As a general policy, it may be more prudent to promote respectability through continuity than to keep human affairs in continuous flux in an attempt to actualize aspirational principles.

Madison recognized full well what he was saying when he declared the “first object” of the delegates at the Constitutional Convention was to come up with a government that would be able to “control the governed.”

He also knew controlling the governed without reliance on authoritarian institutions would depend on cultivating respect for the laws of the republic. There is a clear correlation between restrictions on personal freedoms, including privacy rights, and the absence of general law-abidingness on the part of the people.

Institutions alone, even if perfectly crafted, will not secure the great aims set out in the Preamble to the Constitution. Good judgment is even more important than sound institutions.

Rather than being inconsistent with the principles of the American constitutional order, judicial statesmanship is one of the necessary pieces of our political system.

As in the case of legislative and executive officials, true statesmanship on the part of judges necessitates proper attention to the conditions that make for a decent and competent democracy. Those conditions include a healthy respect for our laws, and that respect is best promoted by the avoidance of a policy of continuous reforms intended to modernize legal rules.

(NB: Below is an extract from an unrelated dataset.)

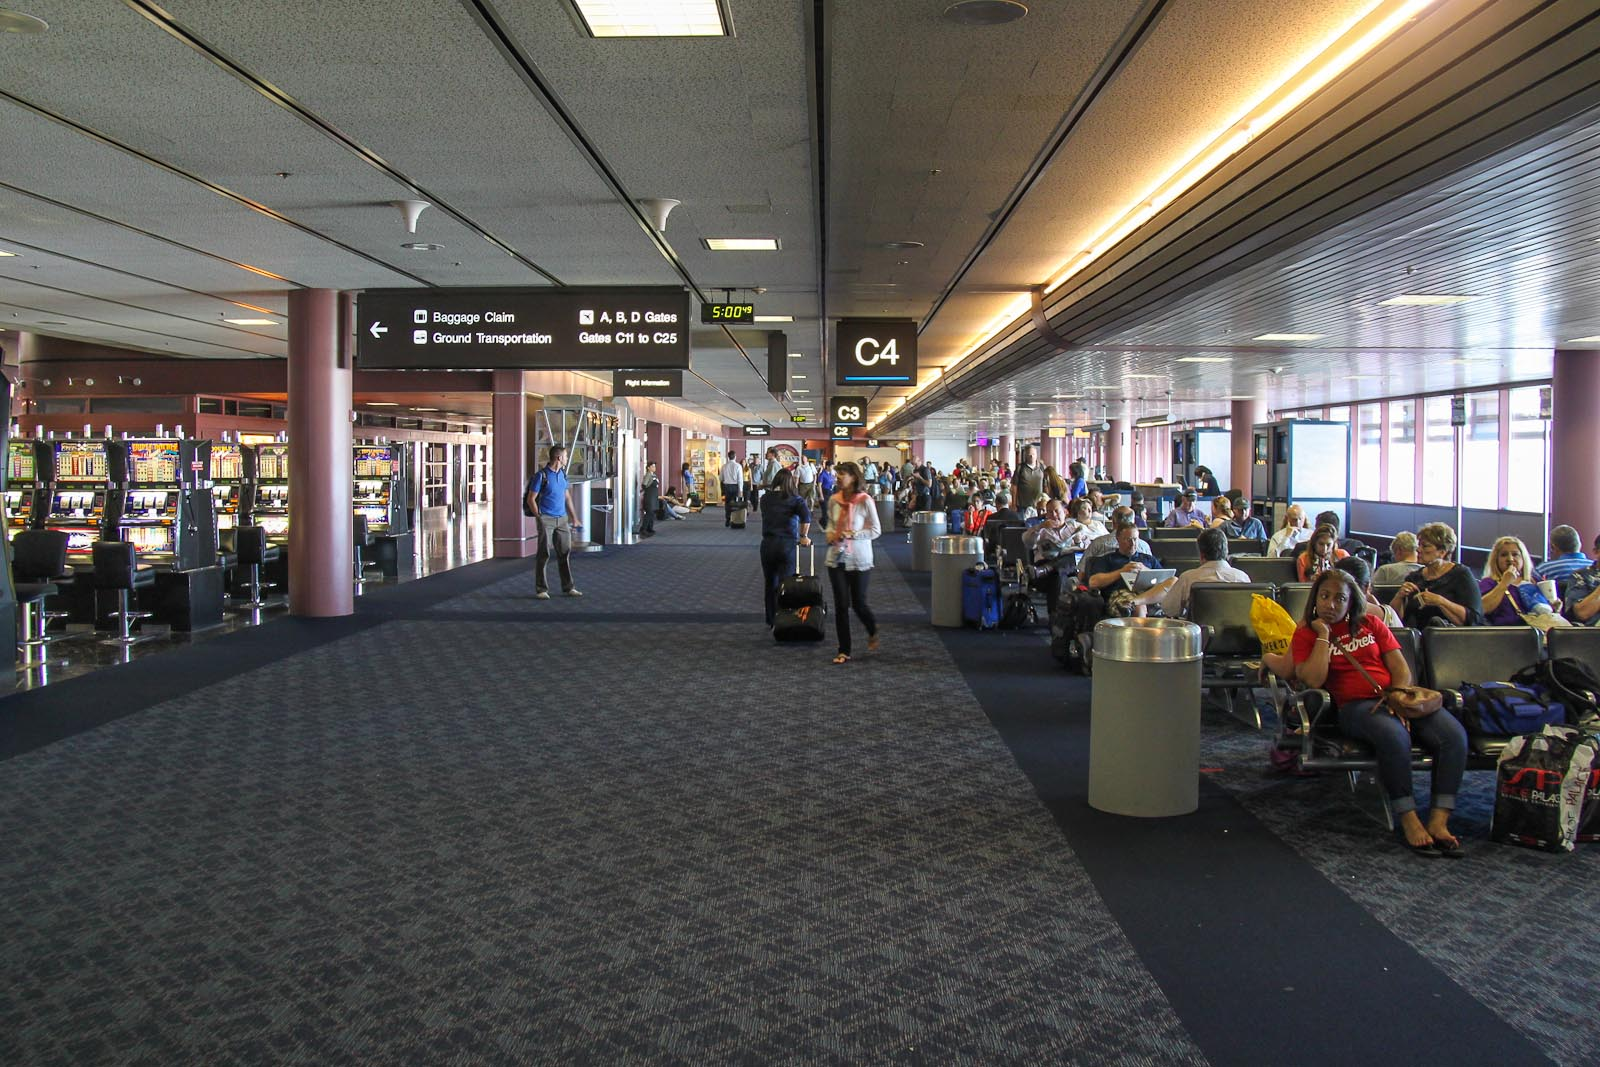 Зал ожидания в конкорсе С терминала 1 аэропорта Лас-Вегаса Мак-Каран
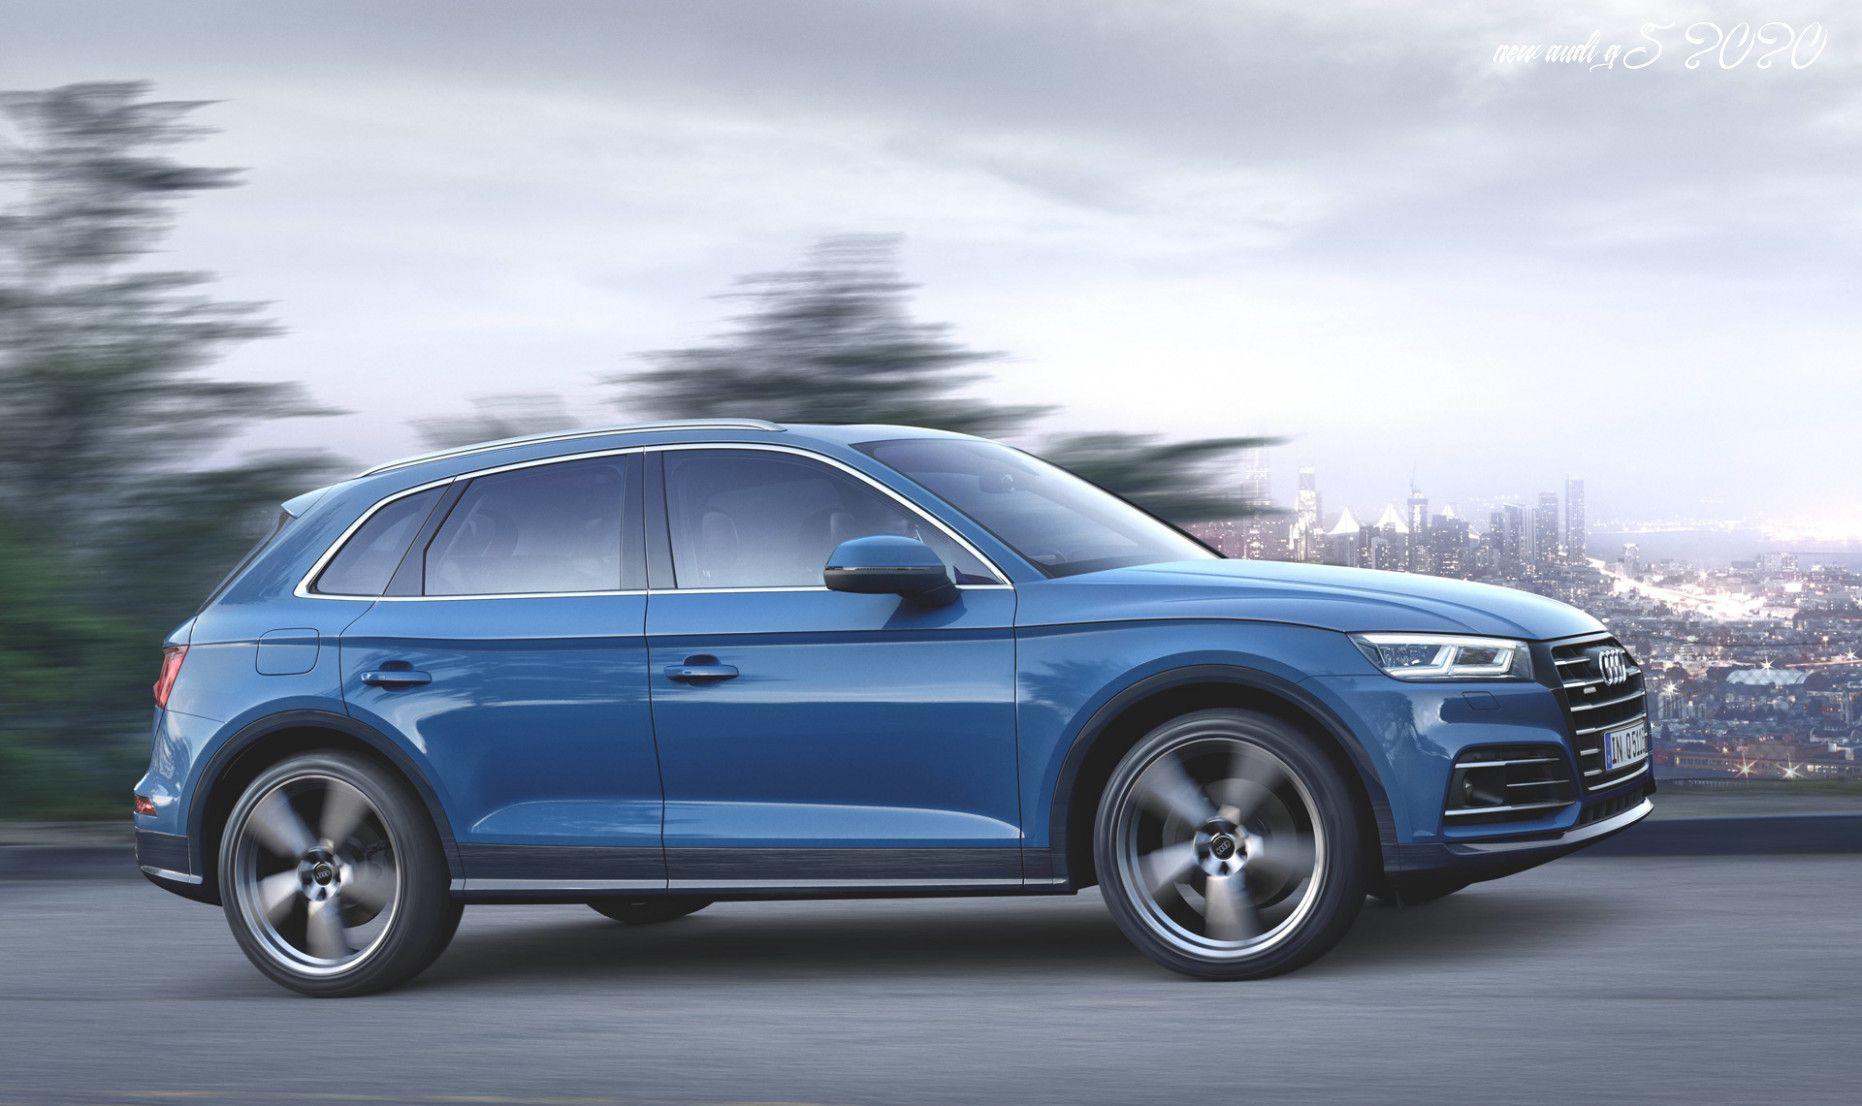 New Audi Q5 2020 Performance And New Engine In 2020 Audi Q5 Audi Car

The judiciary should make us think twice or even three times before we redefine words such as “due process of law,” “liberty” or “equality” that appear in the federal and state constitutions. Practices and shared convictions that have survived for generations should not be lightly discarded.

If constitutional and legal principles are to have any stability and credibility, they must have a meaning rooted in something more permanent than the passions of the times.

If we can pour any meaning we wish into constitutional clauses, their value to us is considerably diminished. This is not the same as saying there should never be any movement to modernize legal principles and rules. It is to say significant reformulations or modernization of legal processes should come after deep reflection and proper public deliberation.

Self-government, after all, was one of the great gifts of the Founders. This should be the message the Supreme Court sends when it rules in “culture war” cases, including the Pledge of Allegiance case.

No other institution of government is as well positioned as the judiciary to counsel sobriety and restrain our pursuit of the “new and improved.” To say that this often is a thankless job is an understatement; but it also is an understatement to say it is a supremely necessary job and one elected officials eagerly find excuses to avoid.

Judicial statesmanship of the restraining and sobering variety merits at least two and a half cheers.

David Marion is Elliott Professor of Political Science and director of the Wilson Center for Leadership in the Public Interest at Hampden-Sydney College.